**Work instructions:** Would you transcribe only the lines below, from the one containing "MOMA Article.jpg" through the end of the material, exactly and with no pictures?
##### Information supplied
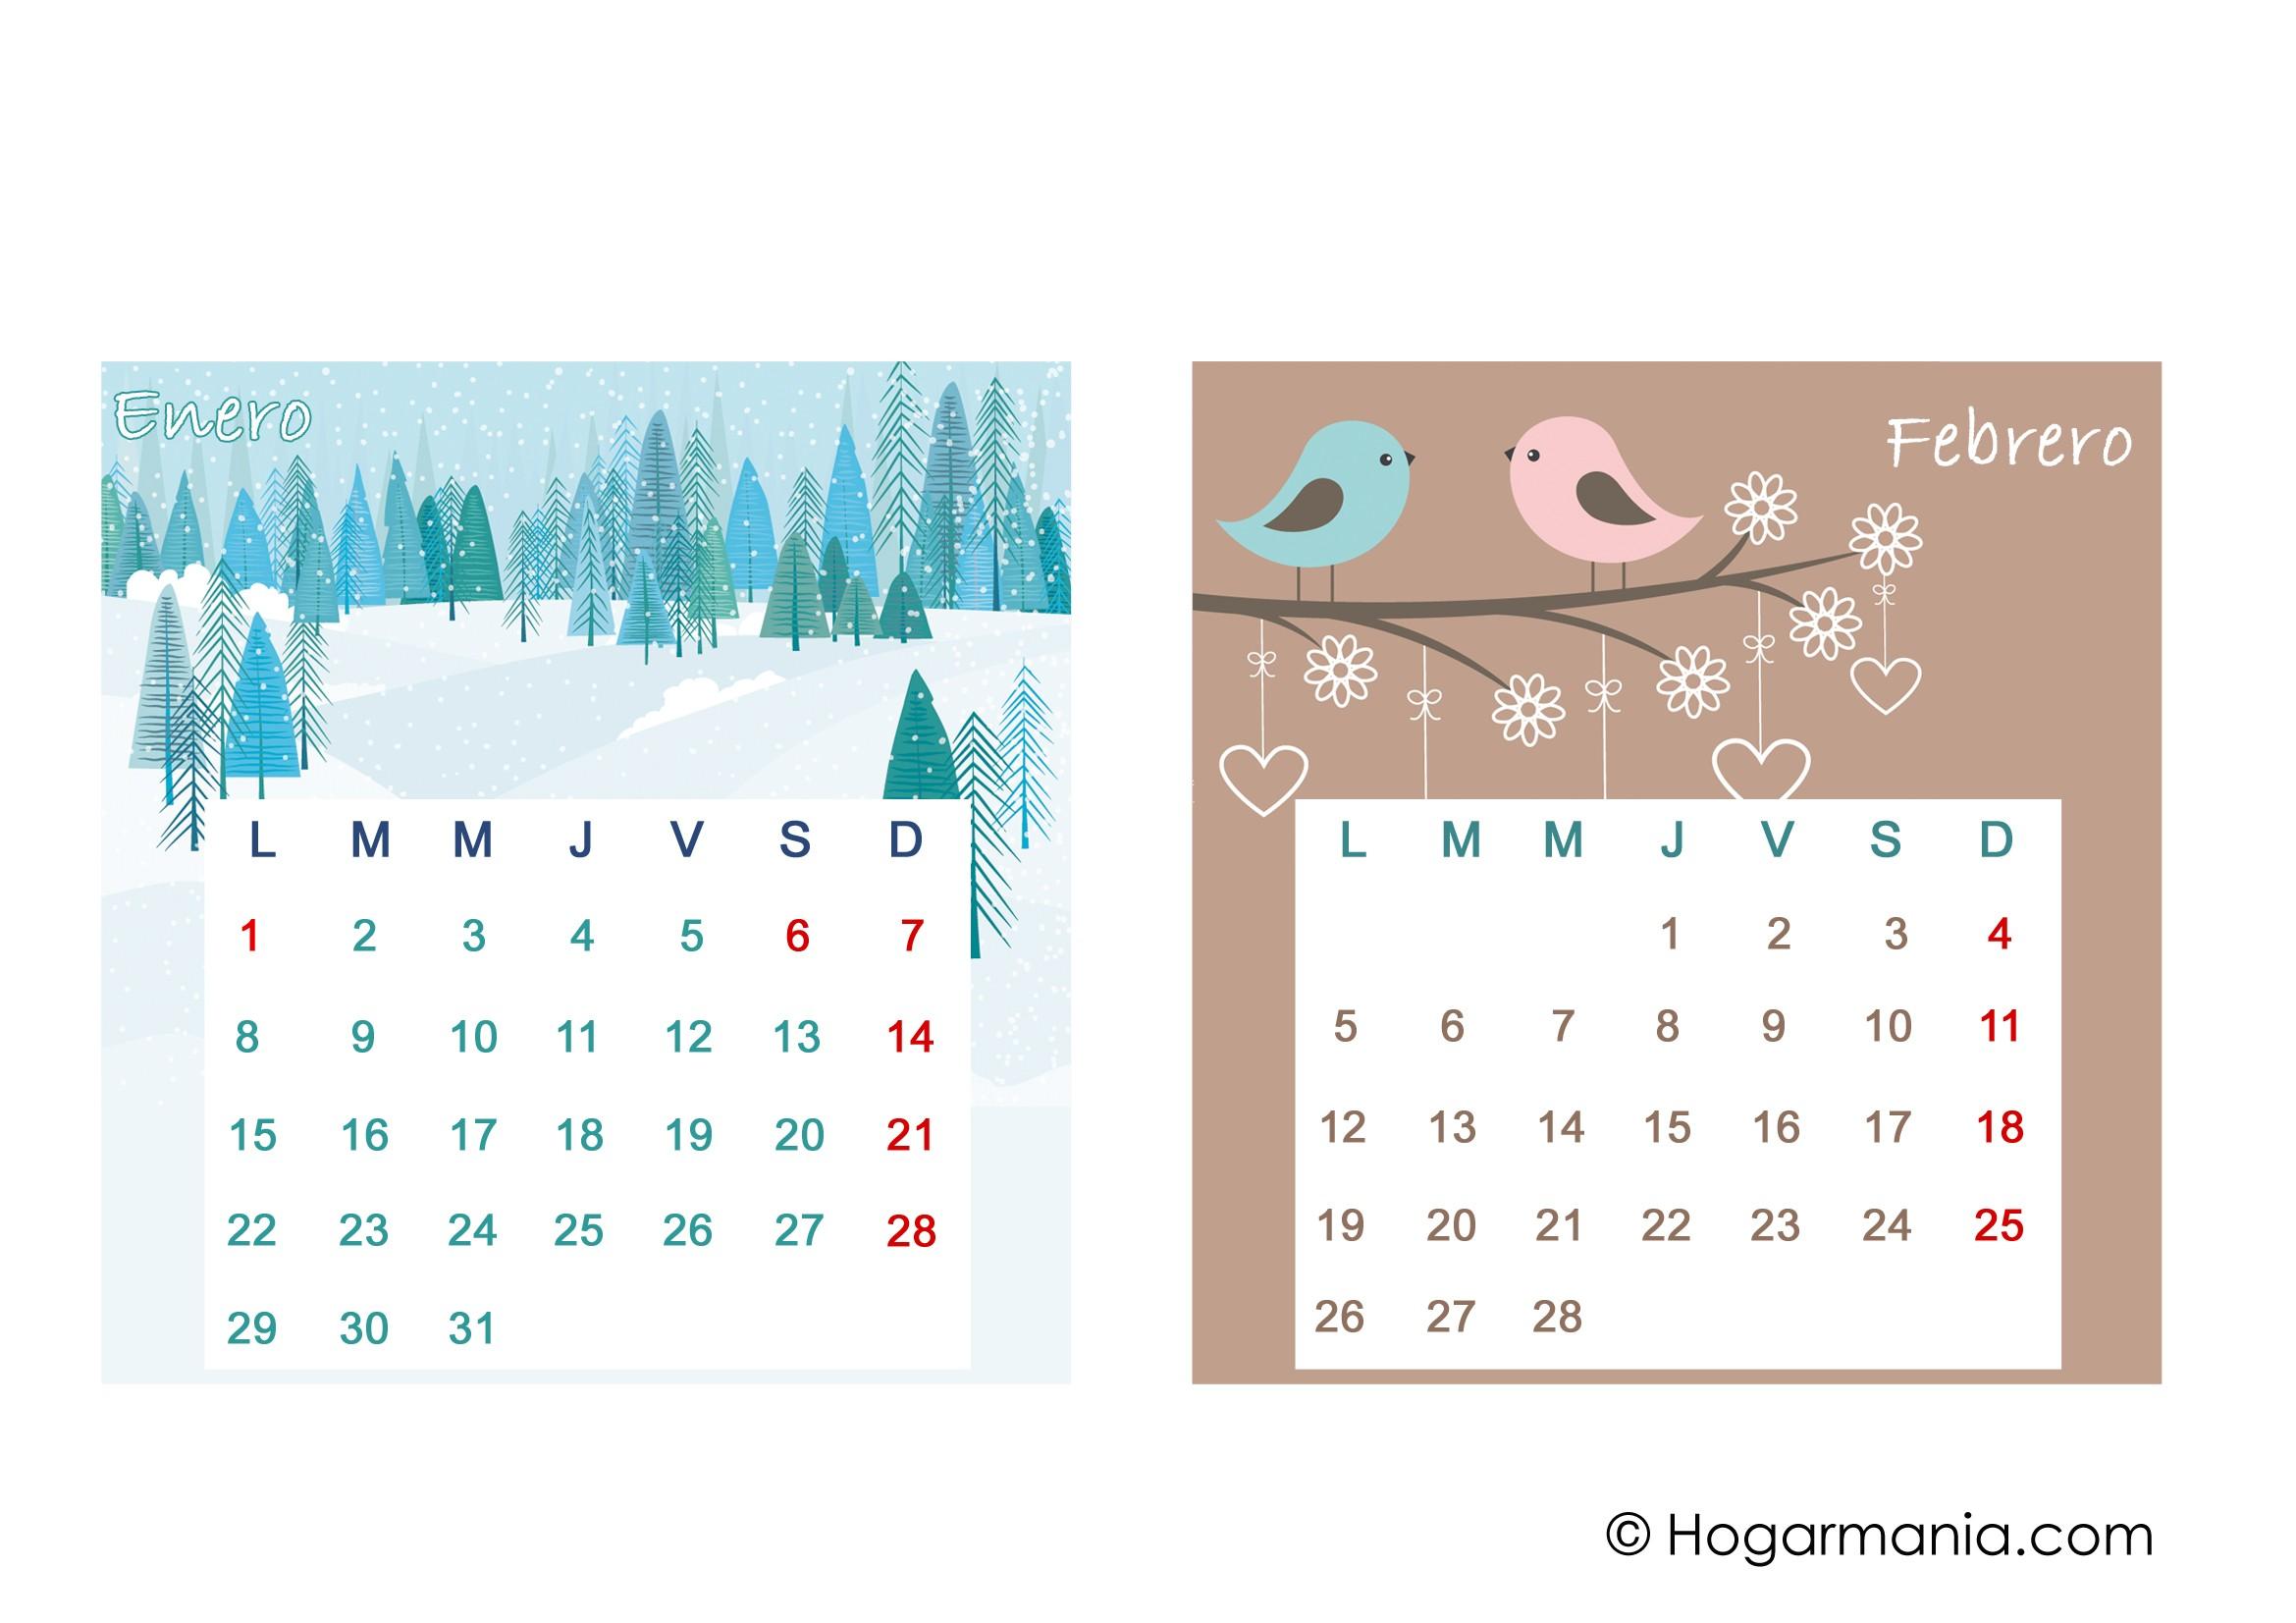 Calendario Liturgico 2018 – newcalendar
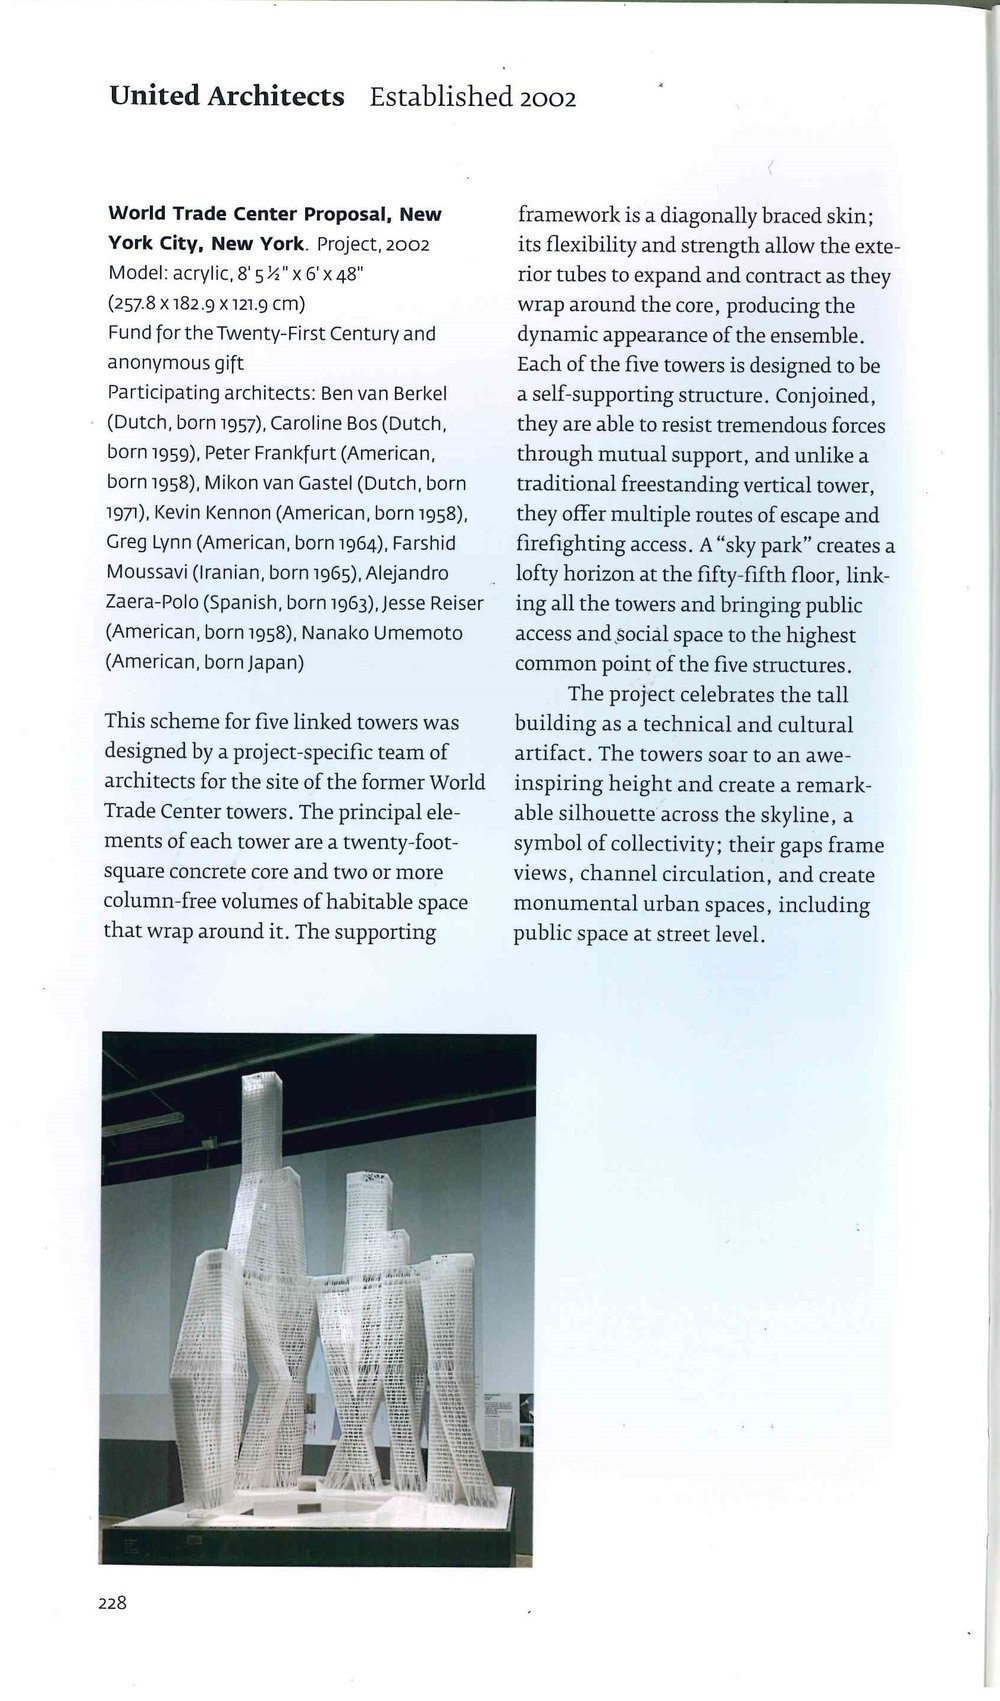 MOMA Article.jpg
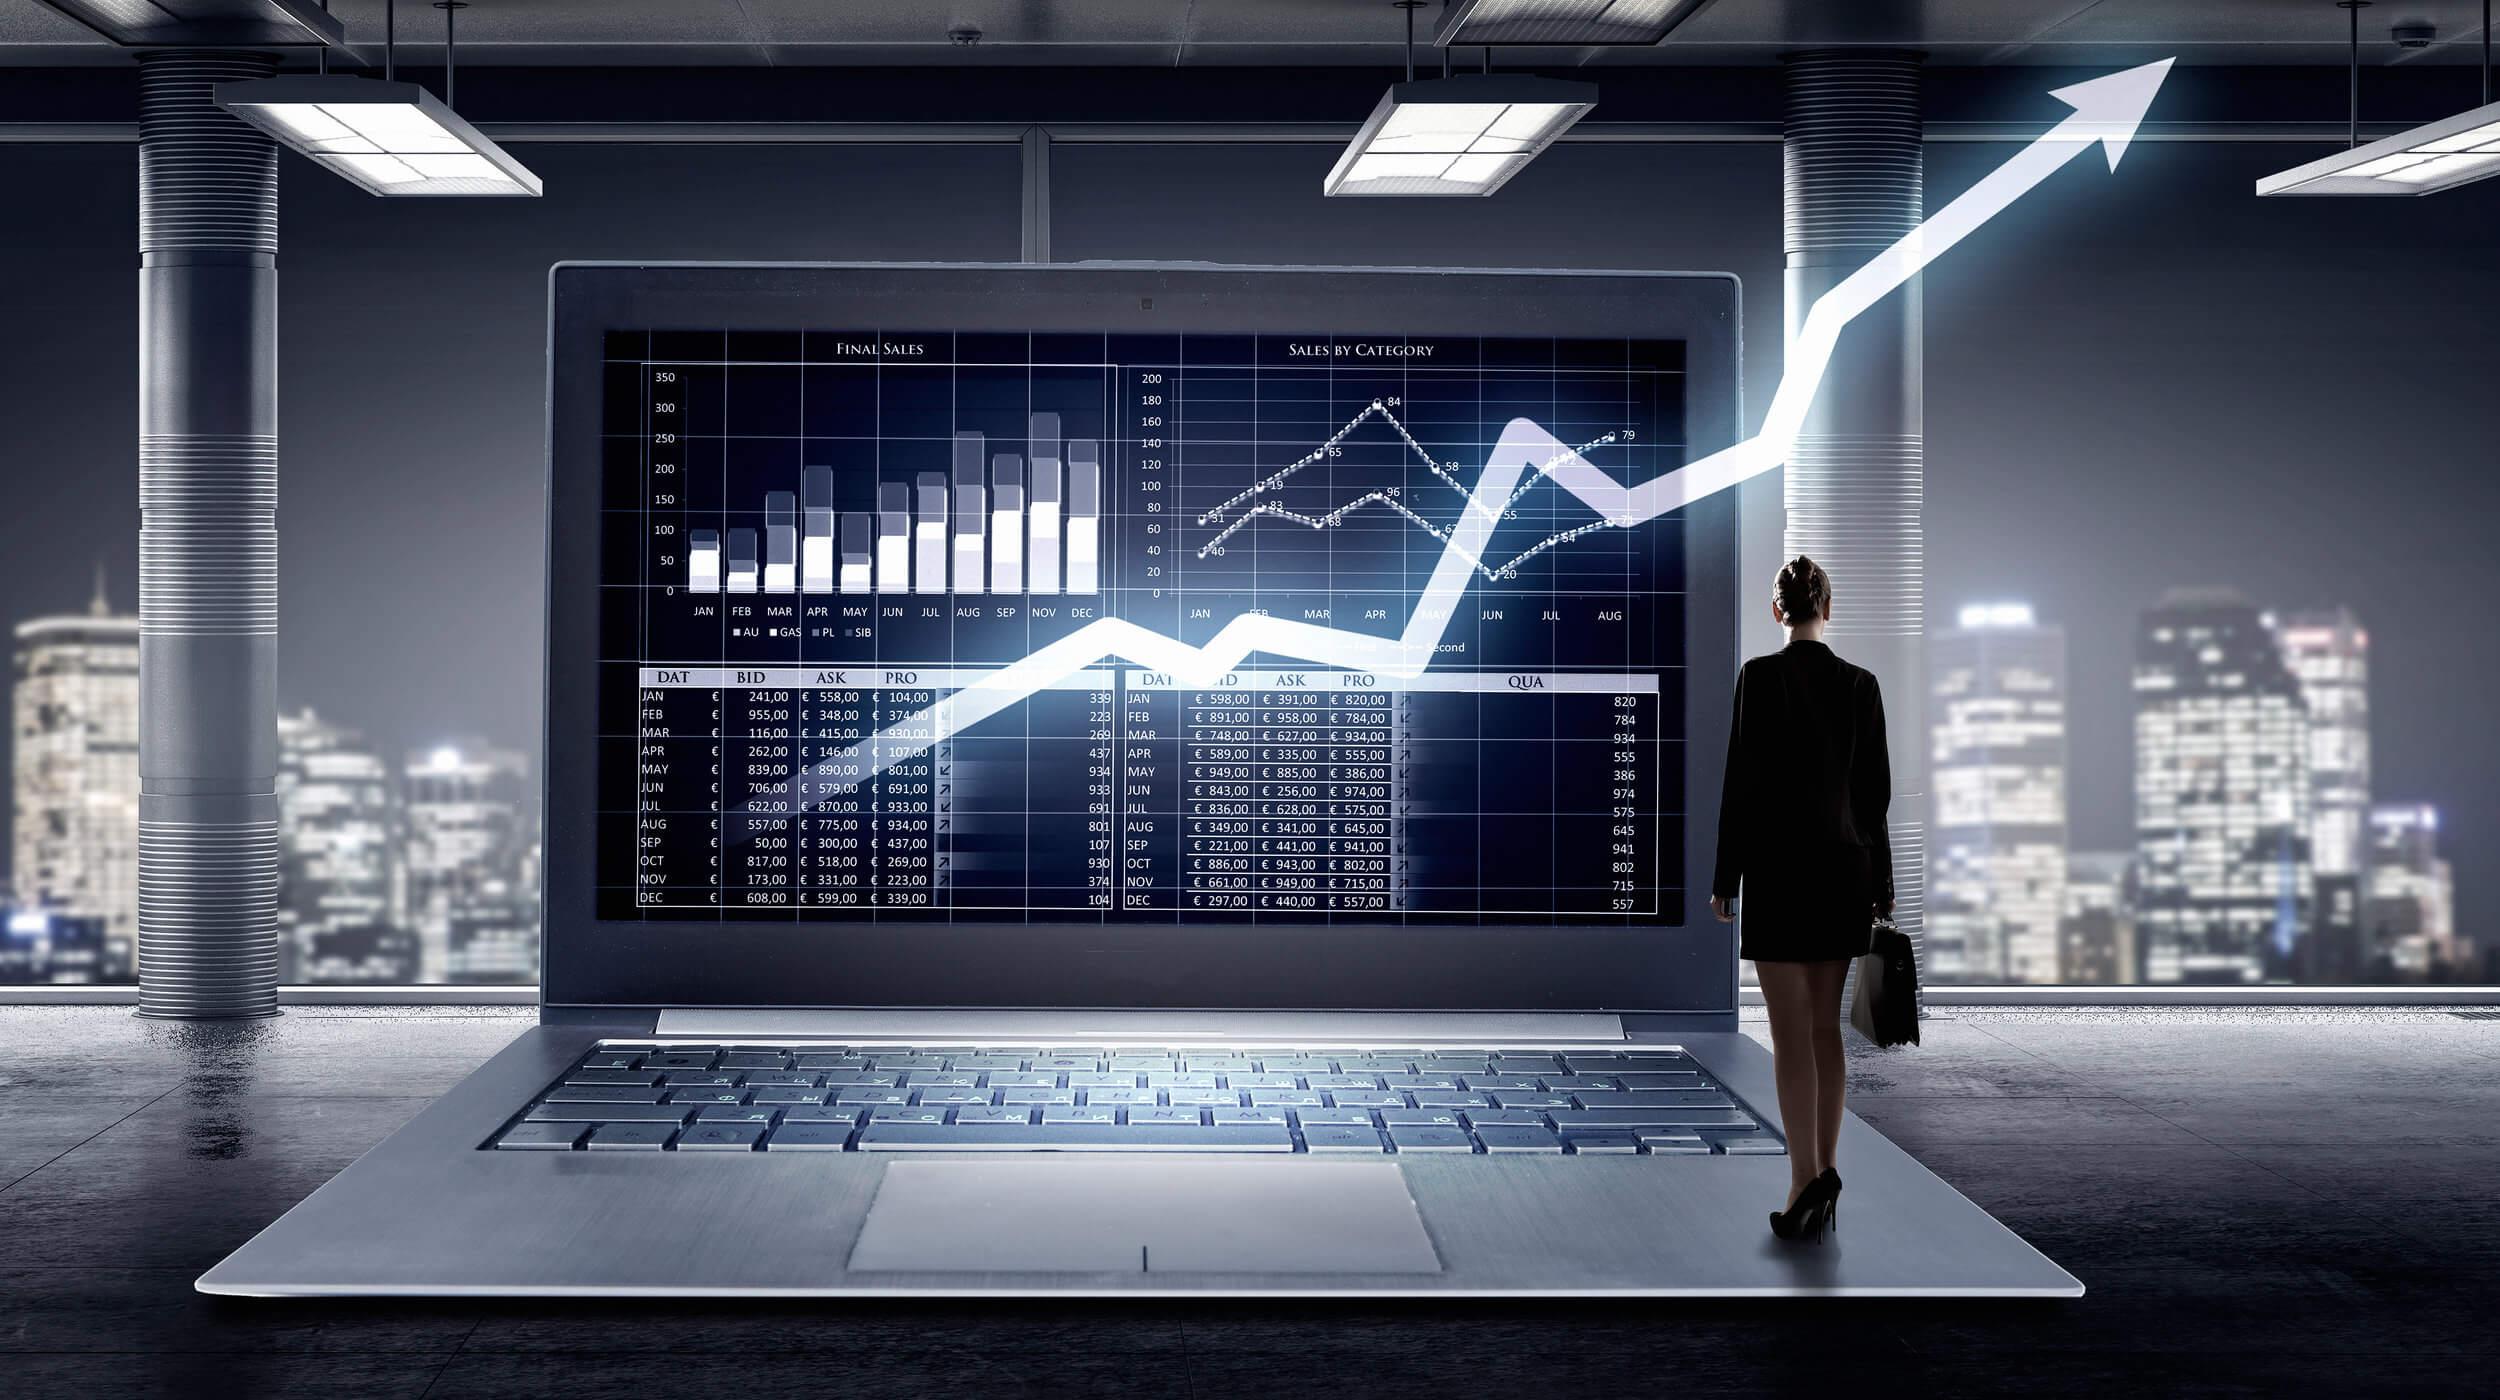 The advantages of data-driven management
##########
**Result for this task:**
 MOMA Article.jpg
 The advantages of data-driven management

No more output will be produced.